PROVIDED DATA:
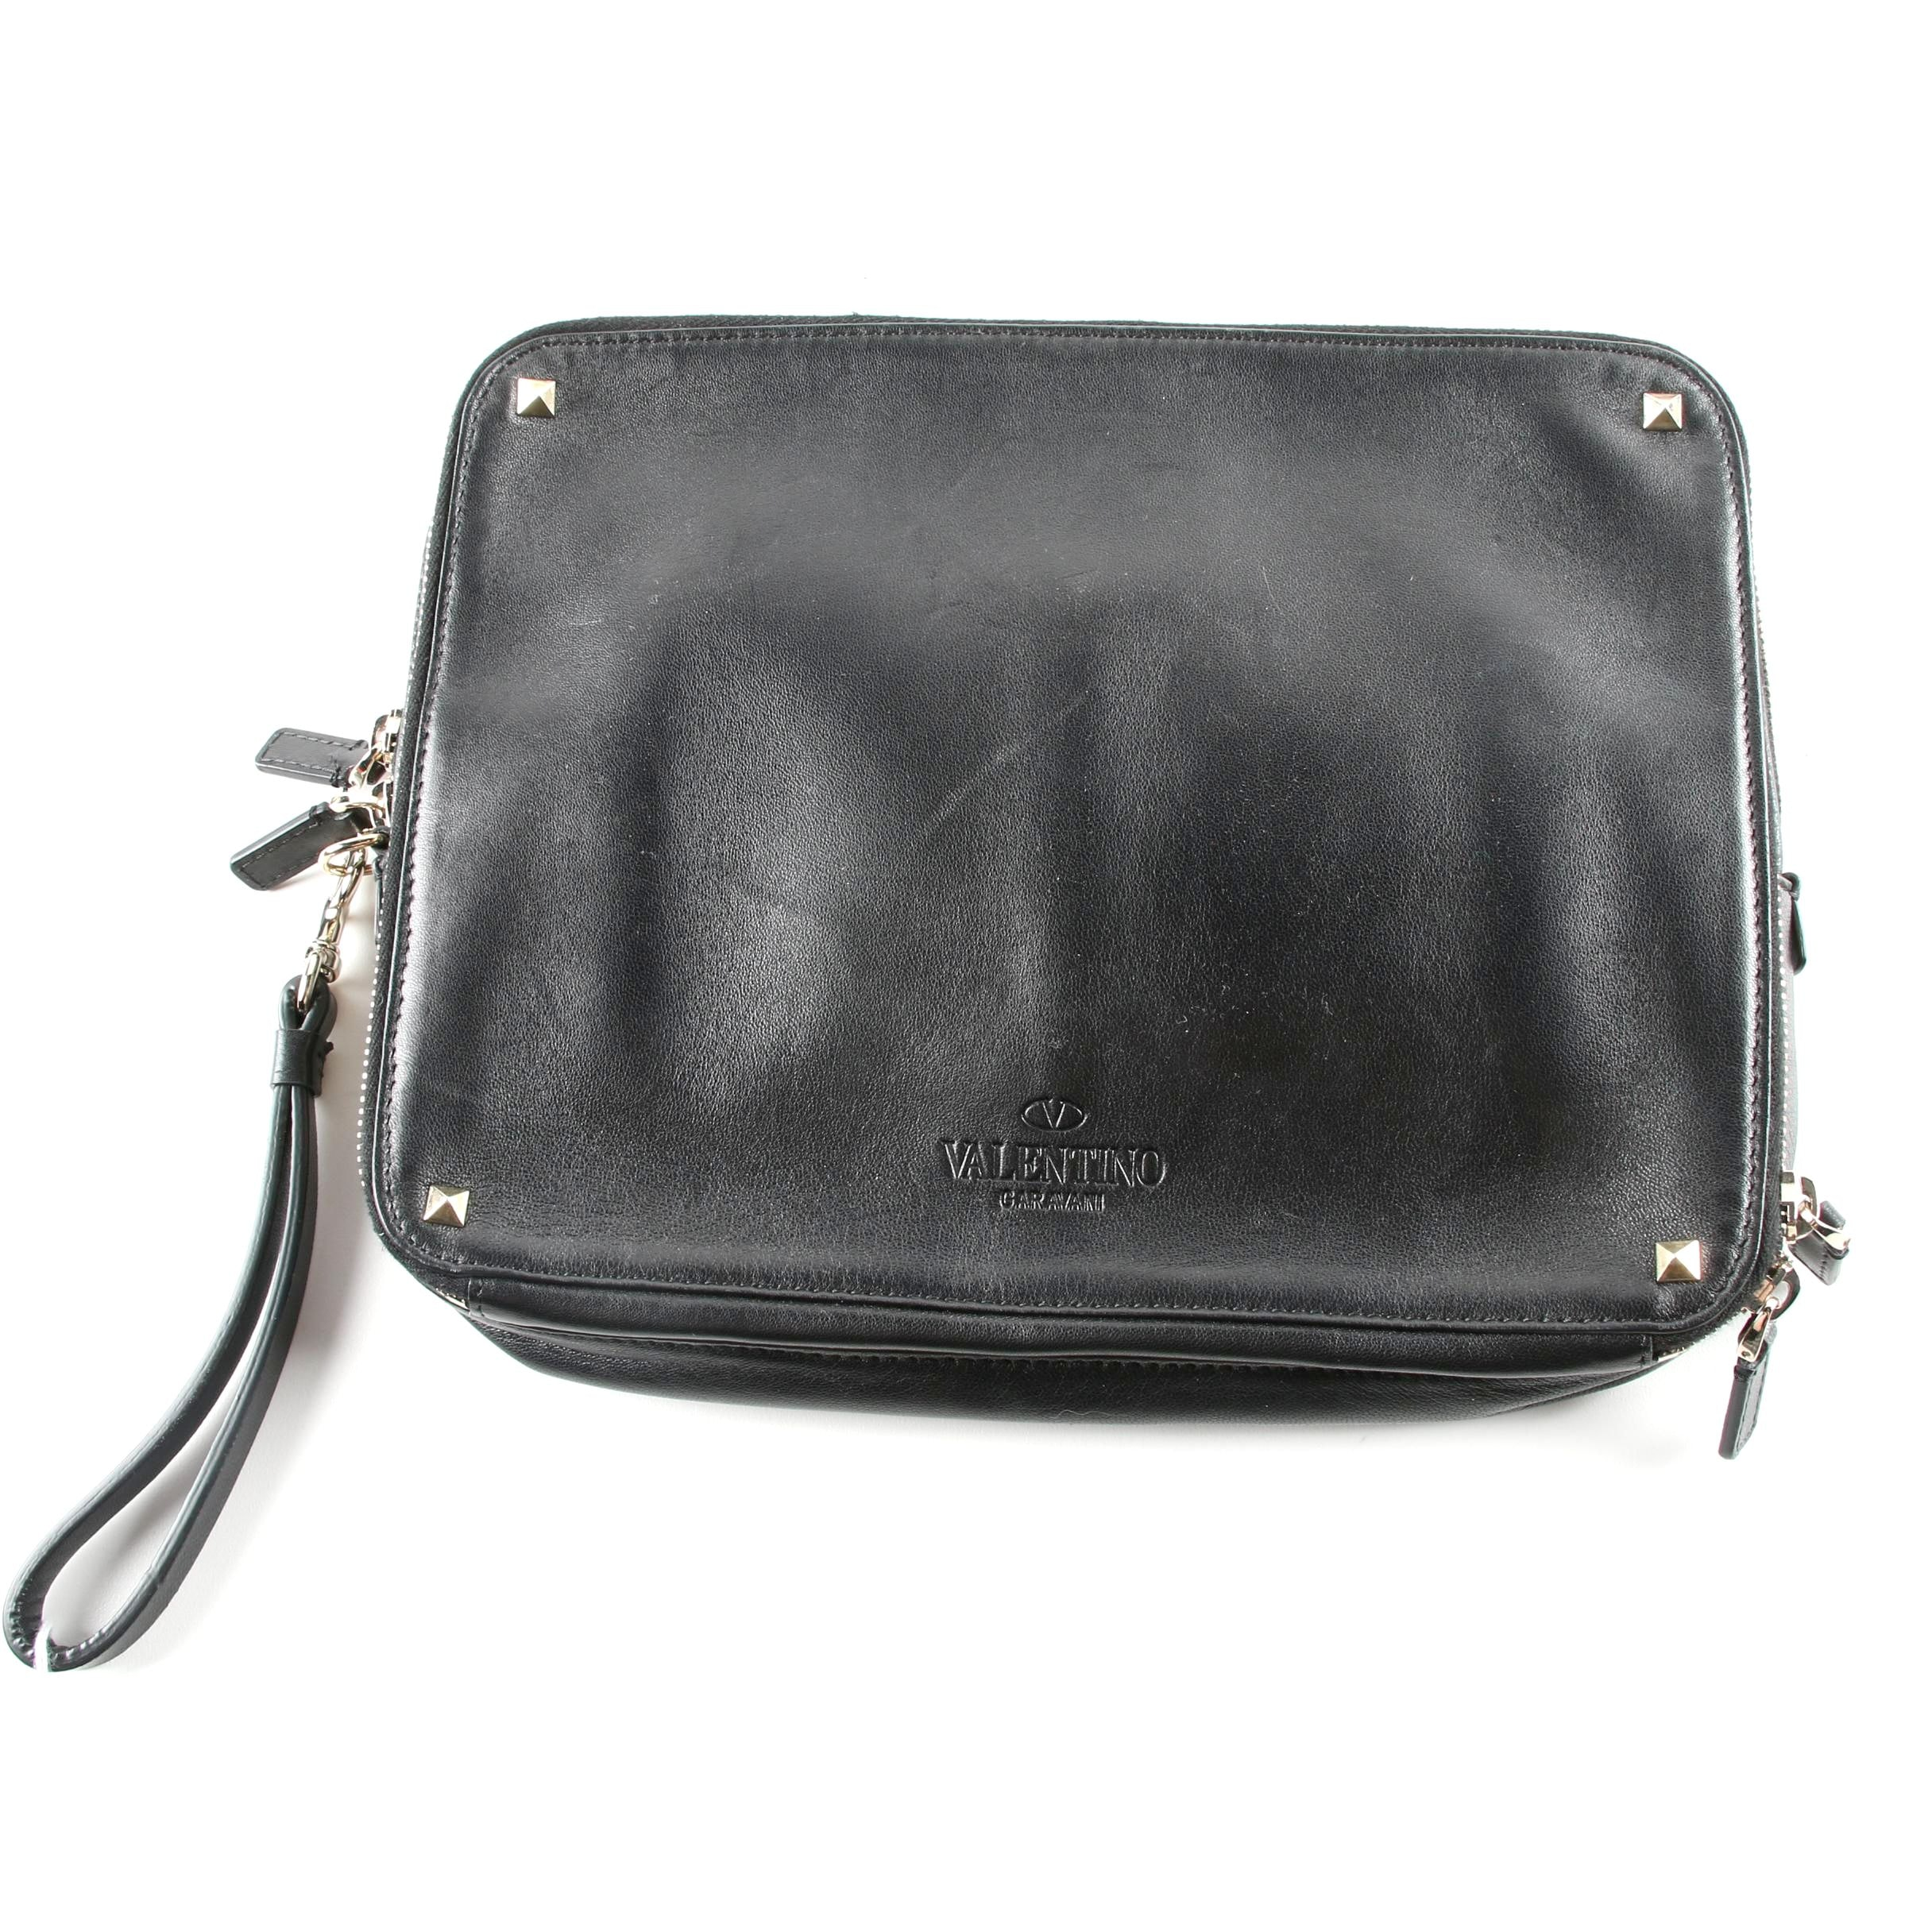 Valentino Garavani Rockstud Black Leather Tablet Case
* * *
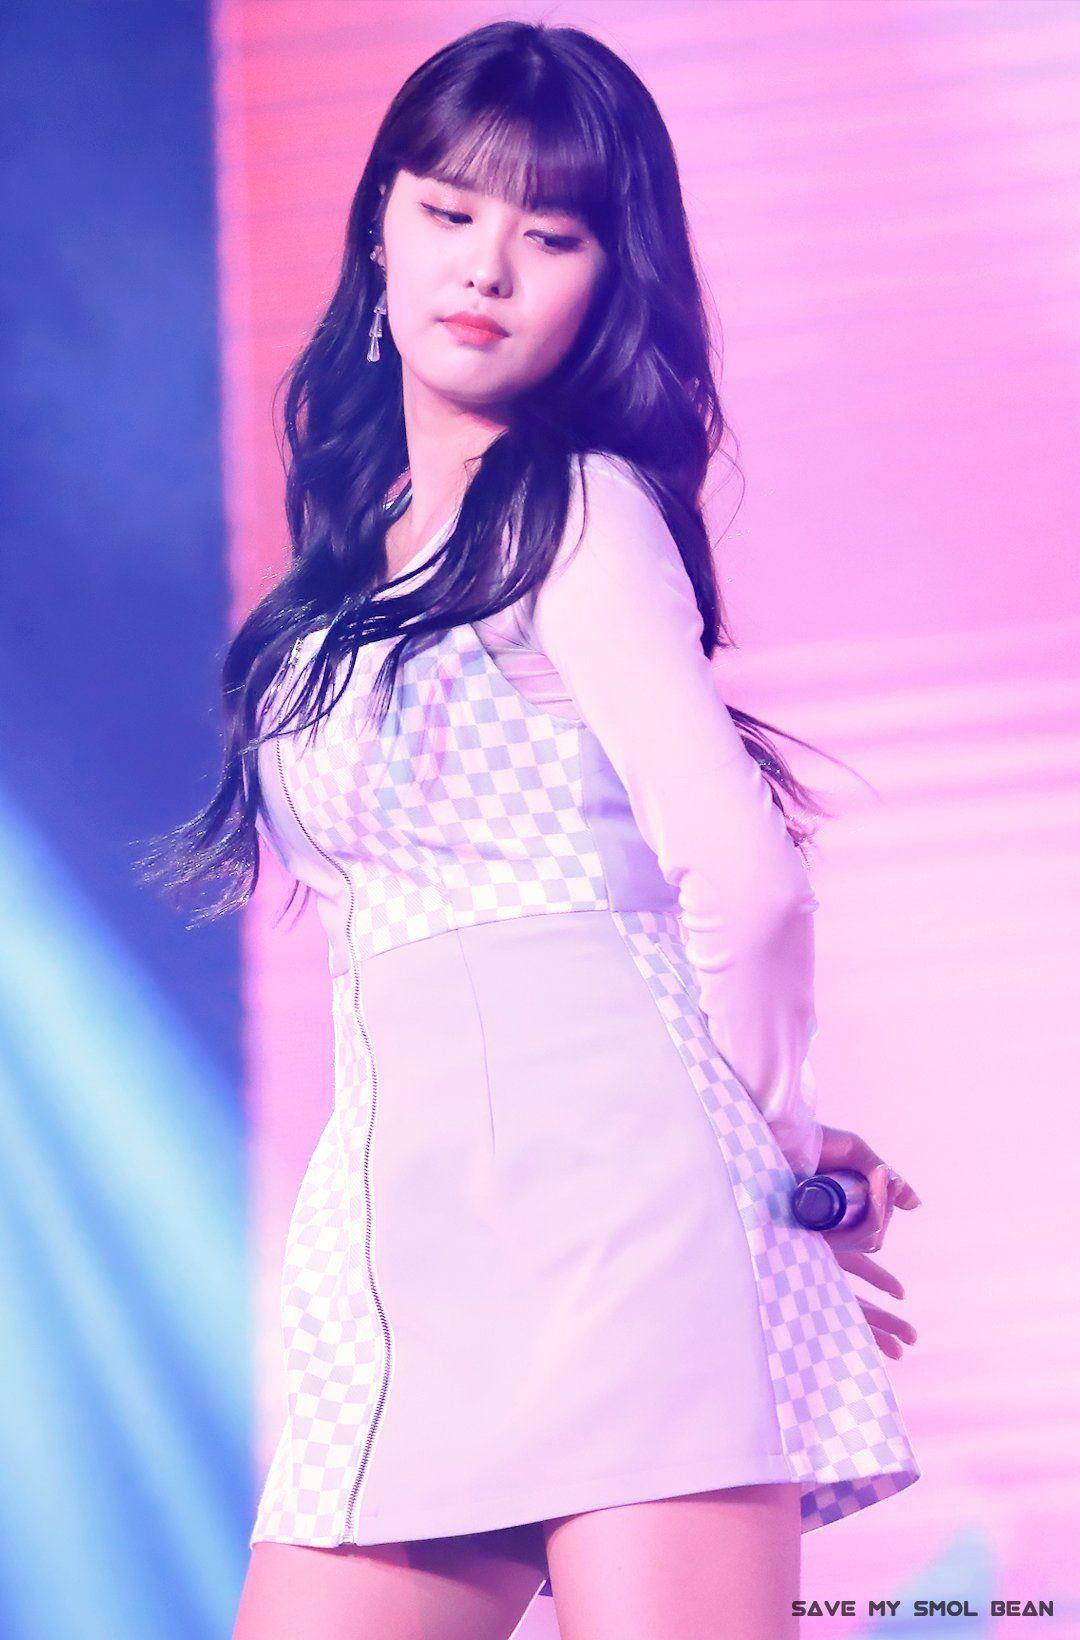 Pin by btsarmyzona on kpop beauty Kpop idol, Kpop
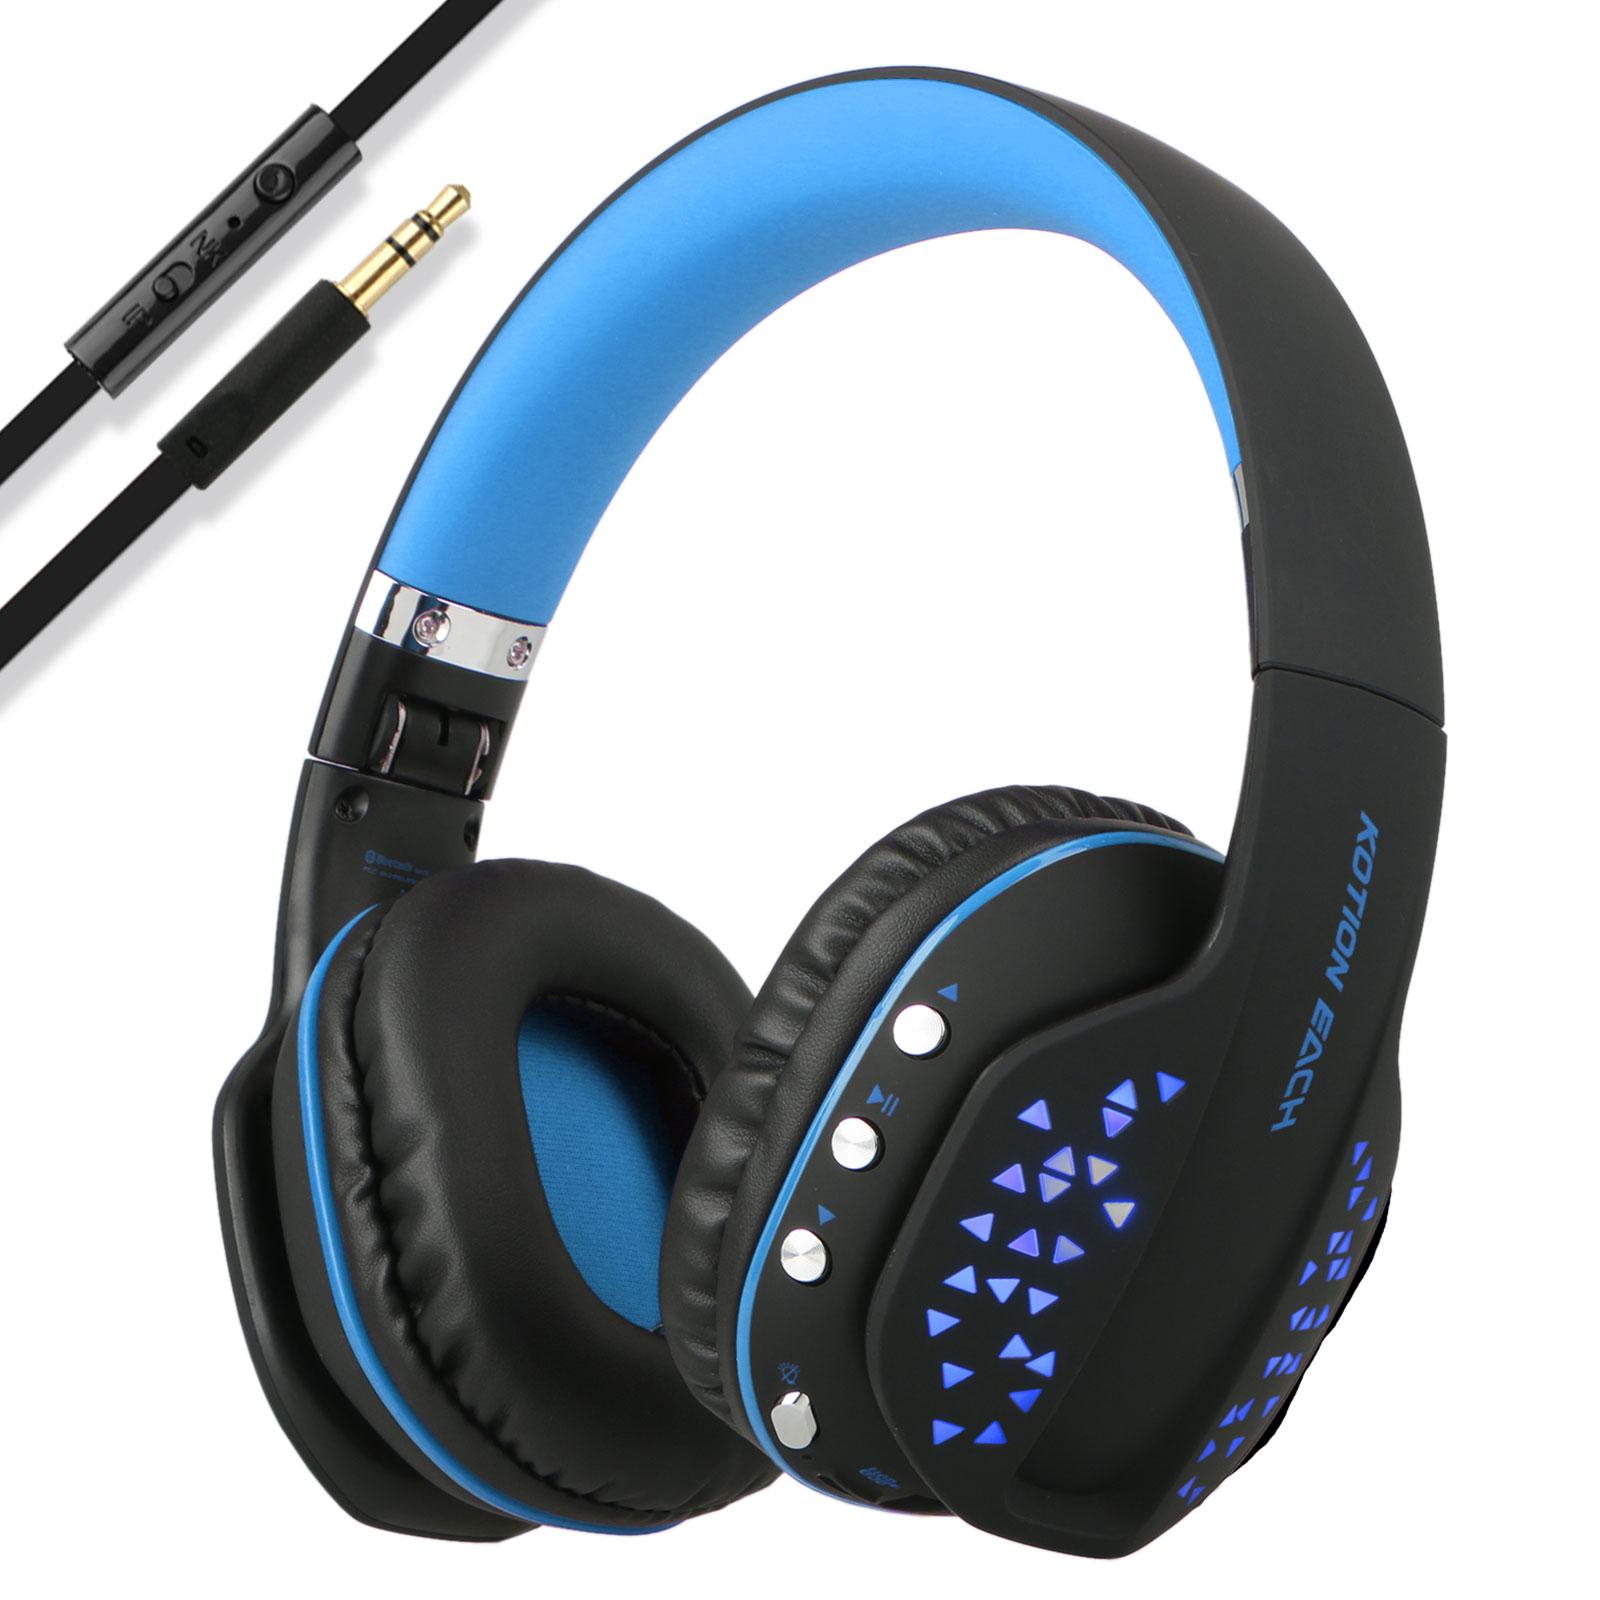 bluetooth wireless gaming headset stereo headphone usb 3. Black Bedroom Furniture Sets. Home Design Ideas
---
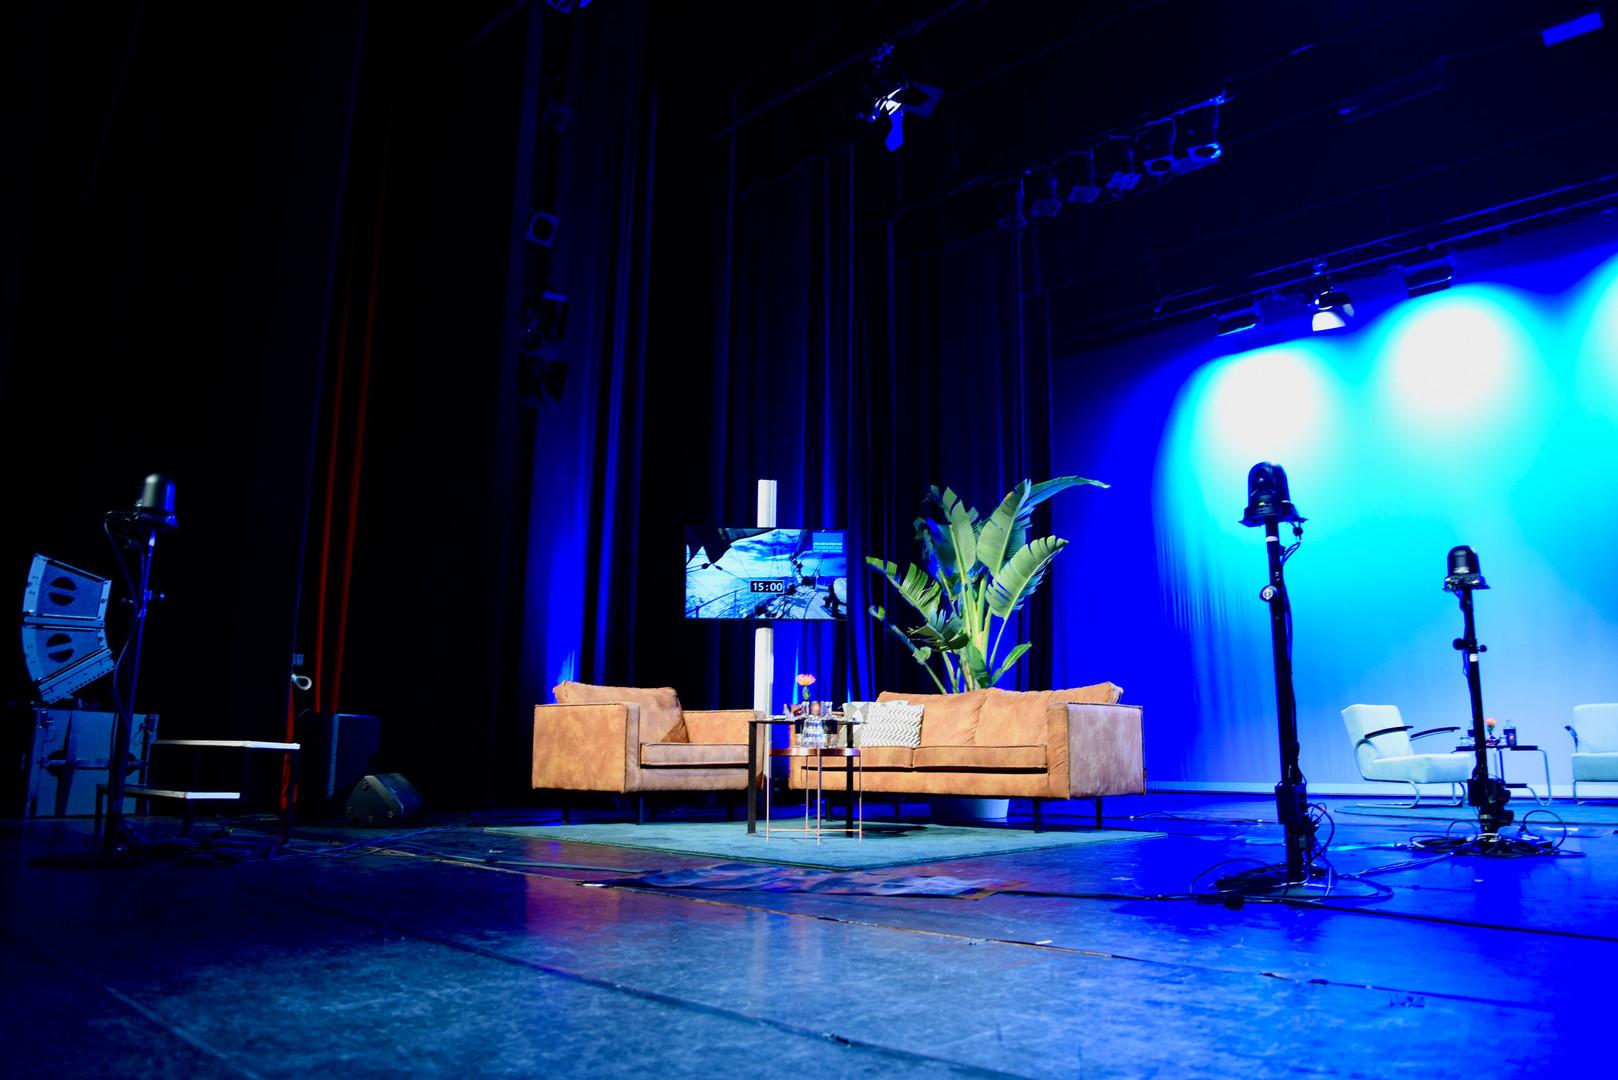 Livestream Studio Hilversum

WHAT THE TASK ASKS: Set the pictures aside and retype exactly the lines above from the line with "Pin by btsarmyzona" to the line with "bluetooth wireless gaming", both included, adding no others.

SOLUTION BELOW:
 Pin by btsarmyzona on kpop beauty Kpop idol, Kpop
 bluetooth wireless gaming headset stereo headphone usb 3. Black Bedroom Furniture Sets. Home Design Ideas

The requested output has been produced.